«Картина болезни лично мне совершенно ясна, последний бюллетень не оставляет сомнений – syphilis tertiaria с деструктивным поражением нервной системы, и пресловутая отравленная пуля Фани Каплан тут совершенно не причем».

«Думаю, вы правы, – соглашается отец, – и осталось ему дней семь-десять, не больше».

«Я только одного не пойму, – глубже засовывая руки в меховую муфточку, говорит тетя Надя, – Россия от всех этих перемен выиграет или проиграет? Кто займет его место?».

«Что можно сейчас знать, дорогая Надежда Александровна? – грустно усмехается Бреднев. – Главные претенденты на престол – Троцкий и Сталин. Один носится с маниакальной идеей мировой революции, у другого, как сплетничают в институте у Бехтерева, развивается паранойя вкупе с сухорукостью».

Маленькая Ада не выдерживает:

«А что такое паранойя?»

Головы взрослых, как по команде, поворачиваются в ее сторону. На лицах их написана растерянность, и тетя Надя торопливо говорит:

«Иди играть с мальчиками, Адонька, нехорошо слушать и повторять то, что говорят взрослые».

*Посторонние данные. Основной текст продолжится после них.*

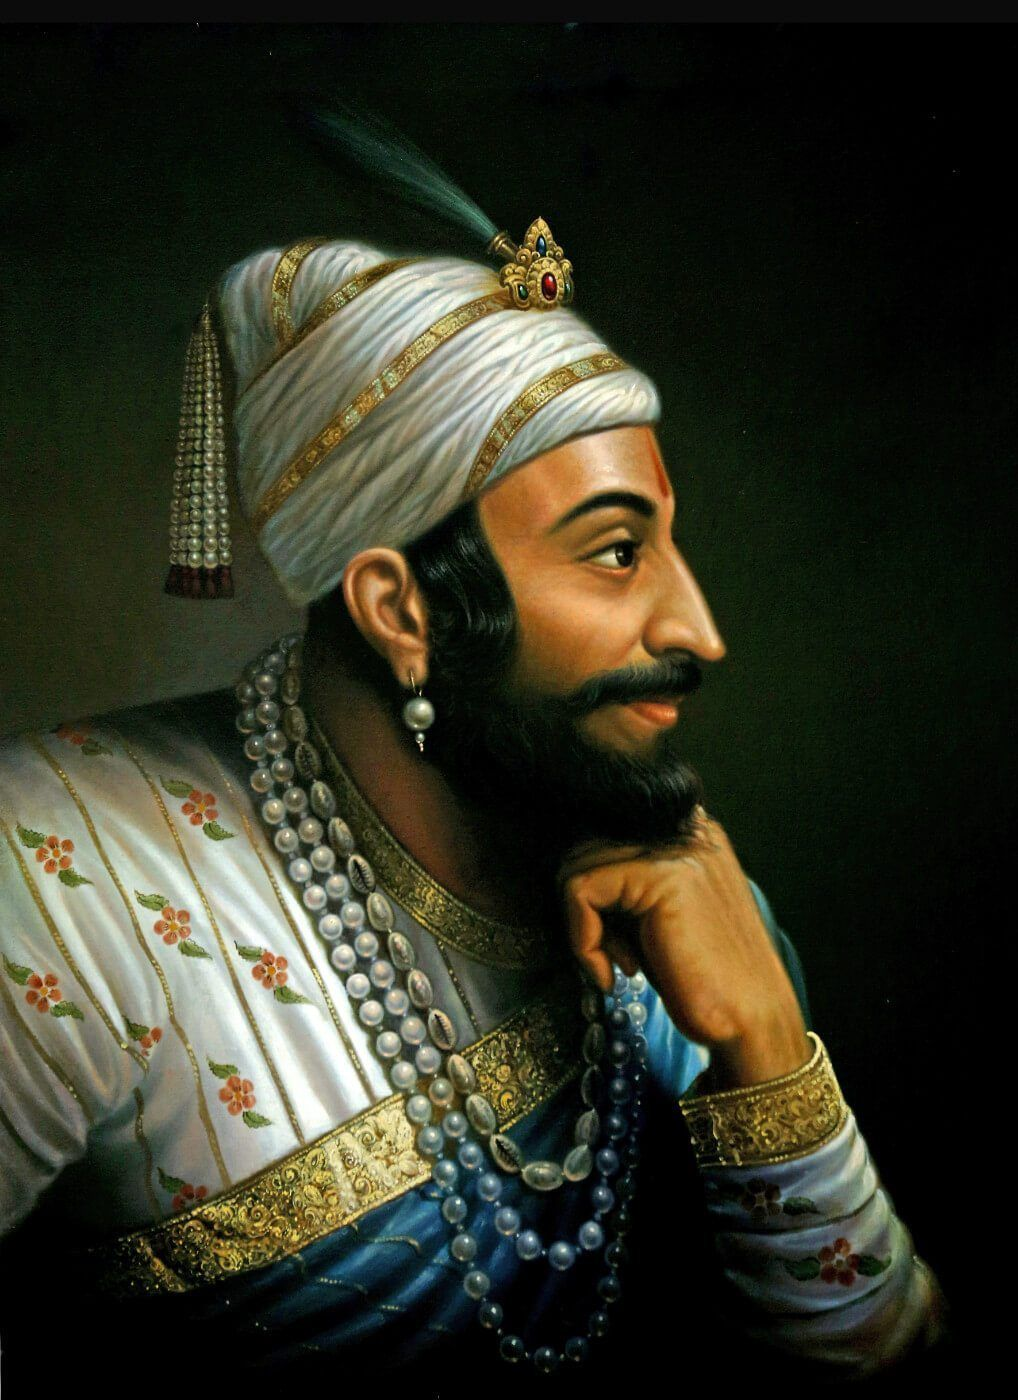 Shivaji Maharaj Painting 4 Shivaji Maharaj Painting, - Chatrapati Shivaji Maharaj Portrait , HD Wallpaper & Backgrounds

В кармане у Бреднева неожиданно играют часы, он достает их и долго жмет на кнопки, а звон все не хочет умолкать, такой резкий, тягучий и прерывистый.

Резко встряхнув головой, Ада Эрнестовна заставила себя открыть глаза – на столе вовсю трещал-заливался телефон. Еще не до конца очнувшись, она поднесла трубку к уху и, услышав голос старшего брата, обрадовалась:

– Петя, ты? Когда же ты приехал? Я думала, ты пробудешь в Москве до двадцатого.

– Ты что, решила теперь и ночевать у себя в институте? – поинтересовался он. – Одевайся, минут через двадцать я подъеду.

Спустившись, Ада Эрнестовна отдала вахтеру ключ от лаборатории и вышла на крыльцо института. Вдыхая всей грудью чистый морозный воздух, она ждала брата и, закрыв глаза, пыталась мысленно восстановить подробности сна, что приснился ей сейчас в лаборатории. Шуршание колес затормозившей «волги» не сразу заставило ее очнуться.

– Устала? Смотрю, ты уже спишь, – с укором заметил Петр Эрнестович, открывая дверцу машины.

– Петька! – радостно чмокнув брата в щеку, Ада Эрнестовна нетерпеливо спросила: – Ну, какие новости?

Он подождал, пока она заберется в машину, проверил дверцу, пристегнул сестру к сидению ремнем безопасности и только потом ответил:

– Институт предложили возглавить мне.

Хорошо, что она была уже пристегнута, иначе, по-детски подпрыгнув от радости, пробила бы головой потолок салона машины.

– Конечно, так и должно было быть, кому же еще!

– Ну, претендентов на это место достаточно.

– Что значит достаточно? Ни у кого нет такого опыта, как у тебя! А сколько раз, когда ваш директор болел или уезжал, ты официально выполнял его обязанности? К тому же, твое избрание членом-корреспондентом утверждено, и Сурен Вартанович тебя всегда и во всем поддержит.

– Разумеется, – тон его был суховат, но Ада Эрнестовна не обратила на это внимания.

– Знаешь, Петя, – мечтательно сказала она, глядя в окно, за которым кружились и падали с неба крупные снежинки, – я сейчас задремала в лаборатории, и мне приснилось, что мы с тобой опять маленькие, играем в снежки. И папа с тетей Надей там были. Мне приснились такие интересные подробности – раньше я этого не помнила.

– Скоро вообще на ходу будешь засыпать. Нормальные люди по ночам дома спят, а не в институте просиживают.

Ада Эрнестовна сама не поняла, что ее задело – иронический ли тон брата, его нежелание поддержать разговор о годах детства или то, что он упорно продолжал смотреть прямо перед собой, хотя они стояли у светофора, и можно, кажется, было бы повернуть голову в ее сторону.